Singapore home prices rose 15.8% in the third quarter, the fastest rate in 28 years. …

The Australian dollar has jumped about 35% over the past 12 months as investors borrow in U.S. dollars to purchase Australian currency. …

Through Monday’s trading, the broad MSCI Barra Emerging Markets Index this year was up 60.7%. Brazil was up 100%, and Indonesia had gains of 102.7%.

I doubted–and still doubt–whether the Fed could rescue the U.S. economy with another massive bubble. The housing bubble was so large and put so much money directly into the pockets of mainstream American that it’s hard to imagine a replacement.  It looks like the Fed is going to try anyway, creating asset bubble around the world.

Government Domestic Product

Julius, 31 October 2009

Unlike some, I don’t believe that government spending and investment is necessarily a bad thing.  Government spending and investment can create productive jobs and it can create sustainable economic activity.  In this sense,  I view government as analogous to the private sector: some investments are duds, some are hopelessly inefficient in terms of labor and capital, and some are spectaculor hits.

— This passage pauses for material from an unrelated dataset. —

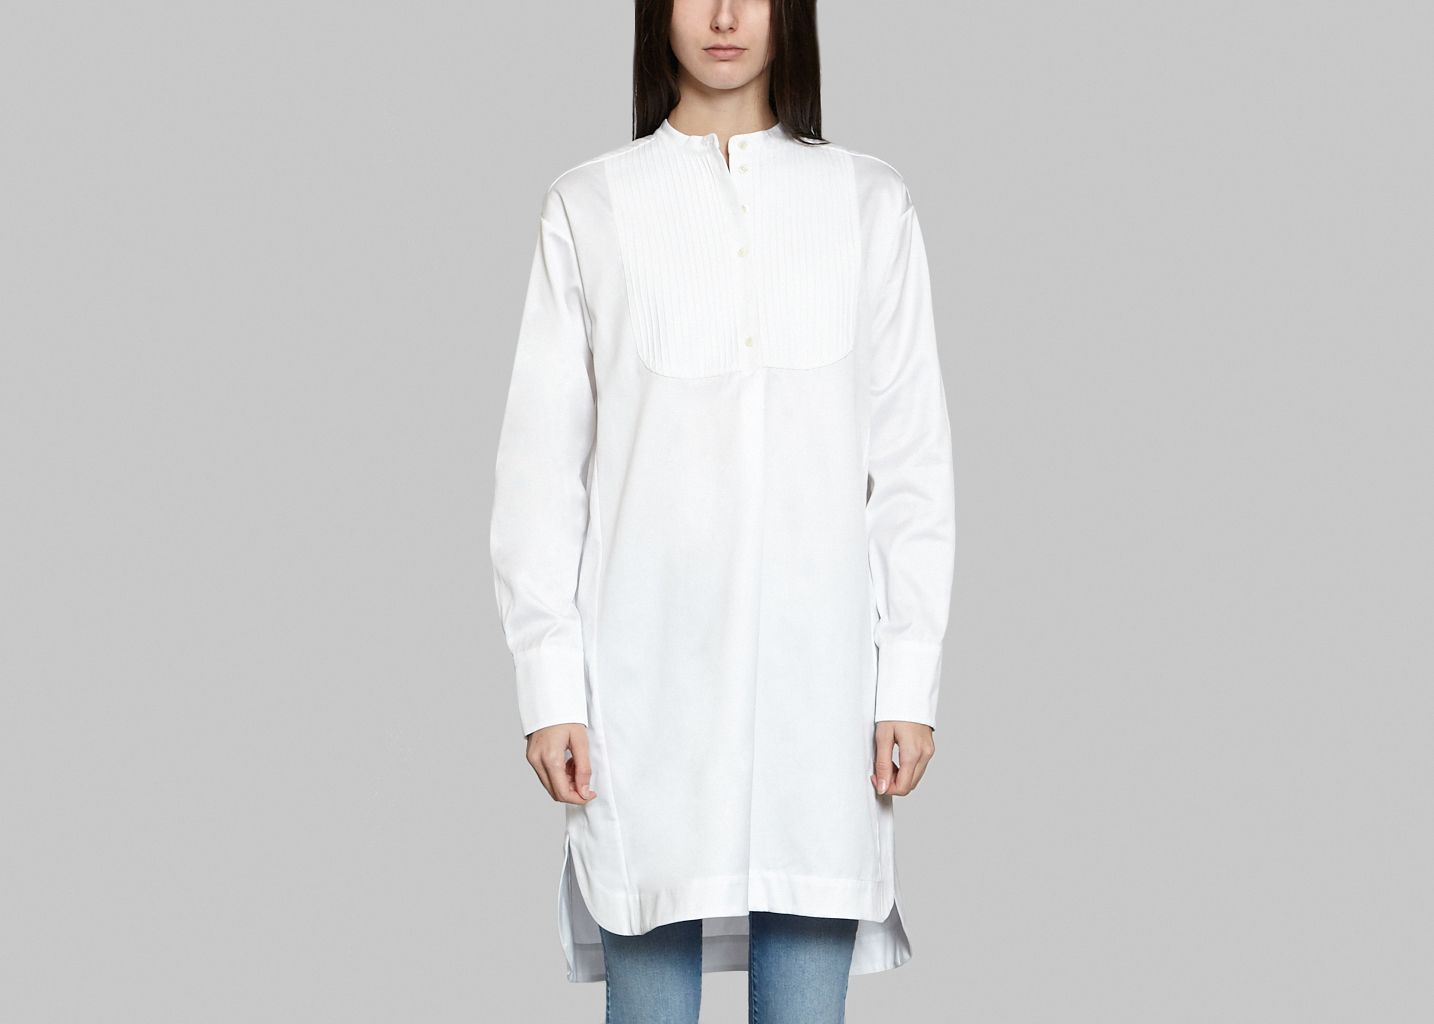 Gala Shirt Dress - Ines De La Fressange Paris

My biggest concern with government as an economic actor is that our political process often frustrates wise spending and investment.*  Since in my opinion the best government spending and investment programs need to be (a) durable, (b) targeted, and (c) large, our political system–with its frequent bureaucrat turnover, partisanship, and need for compromise and back-scratching–generates programs that are (a) temporary, (b) fragmented, and (c) watered down.

That is why I view the current government-generated global growth with skepticism.  I have seen no evidence that suggests that this growth has provided a base from which a new economy can flourish.  It appears to be a mish-mash of efforts in the form of the prior economic order–an economic order that didn’t appear to be sustainable.  Suffice it to say that I have my doubts about the global economy as government efforts slow down in the face of inflationary and fiscal concerns. 

 

*Yes, it is also true that the government is not solely motivated by profit-seeking behavior.  But I see this as a good thing: economies are not just about profits, but about fairness and justice.  I believe that government can act as a reasonable economic counterbalance to hyper-profit-seeking firms.

Cutting our way to growth?

David, 29 October 2009

In the most recent issue of BusinessWeek, Michael Mandel notes that GDP statistics ignore intangible R&D investments. In the article, entitled “The GDP Mirage“, Mandel argues that companies are cutting these investments in order to boost reported earnings and please Wall Street. The article has a lot of interesting data. For example:

many companies have taken a deep ax to their reported R&D spending, which also doesn’t show up in GDP. Alcoa (AA), in an effort to preserve cash, reduced its third-quarter R&D spending by 36% from the year before. “It’s a matter of focusing on your priorities,” says Alcoa spokesman Kevin Lowery. “We surprised people by announcing a profit [last] quarter.” Texas Instruments (TXN), meanwhile, expects to spend $1.5 billion on R&D in 2009, down 20% from 2008, owing to workforce reductions and cost-control efforts. And Johnson & Johnson (JNJ) has reduced its R&D by 13% over the past year.

As revenues fall, companies including Microsoft and Motorola are boosting profits by laying off thousands of employees.

Good luck with that recovery.

Next bubble well under way?

David, 28 October 2009

Massive fiscal stimulus and the dollar carry trade, perhaps among other factors, appear to be inflating bubbles in China and elsewhere.

This was buried deep in Michael Pettis’s latest post at China Financial Markets:

I spend a lot of time talking to large hedge funds and institutional investors – with at least three or four one-on-one meetings a week – on China and market conditions. It worries me that recently I have heard investors say many times, generally very sophisticated investors, that we are clearly in a bubble and the best strategy is to ride it out as long as we can. This has almost become one of the mantras of sophisticated investors – the less sophisticated, I guess, assuming that the crisis is safely behind us.

Certainly the dramatic recovery in emerging market equities seems consistent with the new global bubble hypothesis.